* **Description of the task**
Type out the lines below exactly, pictures excluded.

* **Data section**
===

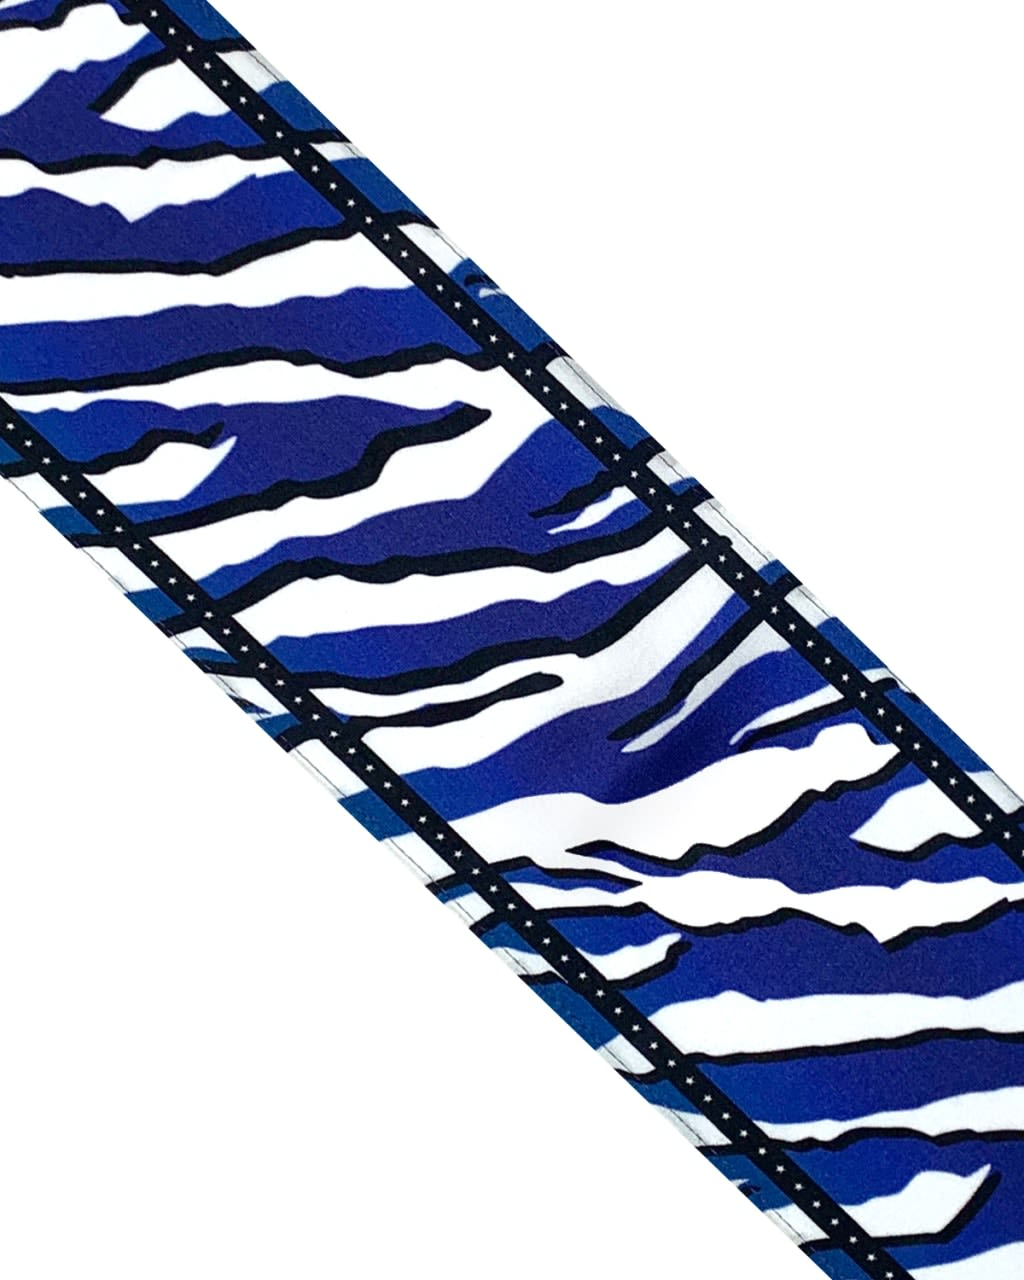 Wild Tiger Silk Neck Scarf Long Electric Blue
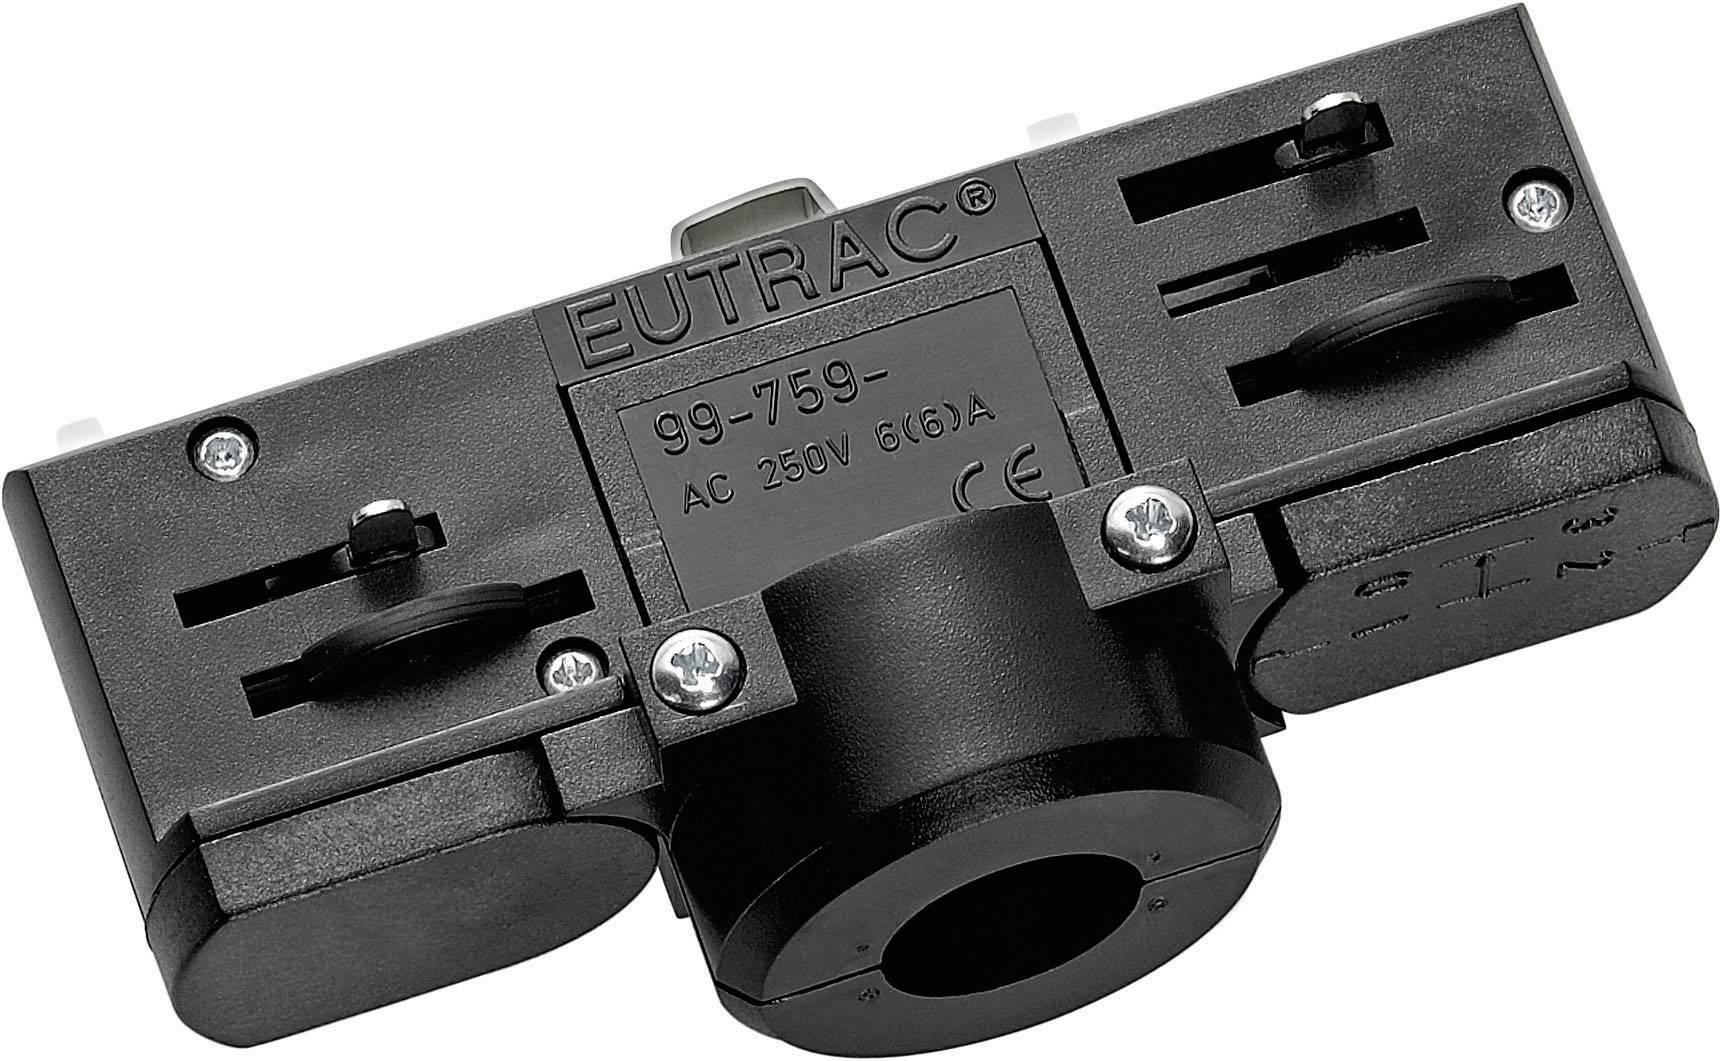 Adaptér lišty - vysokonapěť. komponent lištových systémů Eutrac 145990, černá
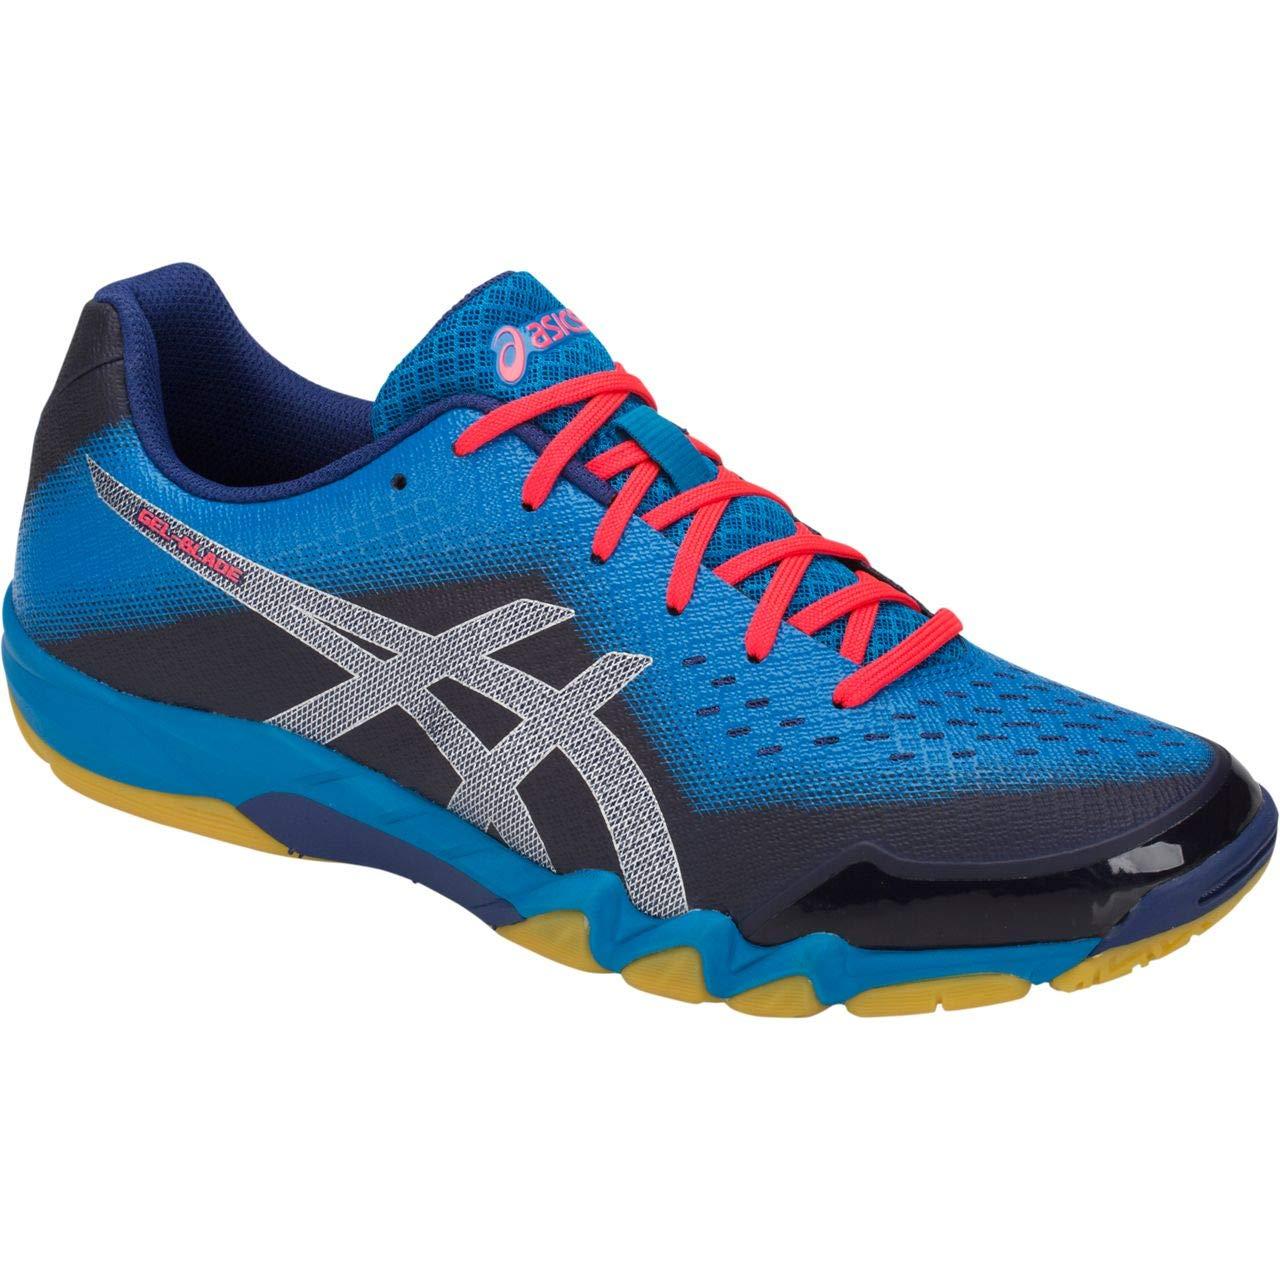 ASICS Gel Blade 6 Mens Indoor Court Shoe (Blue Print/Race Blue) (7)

===

* **Solution to this problem**
 Wild Tiger Silk Neck Scarf Long Electric Blue
 Adaptér lišty - vysokonapěť. komponent lištových systémů Eutrac 145990, černá
 ASICS Gel Blade 6 Mens Indoor Court Shoe (Blue Print/Race Blue) (7)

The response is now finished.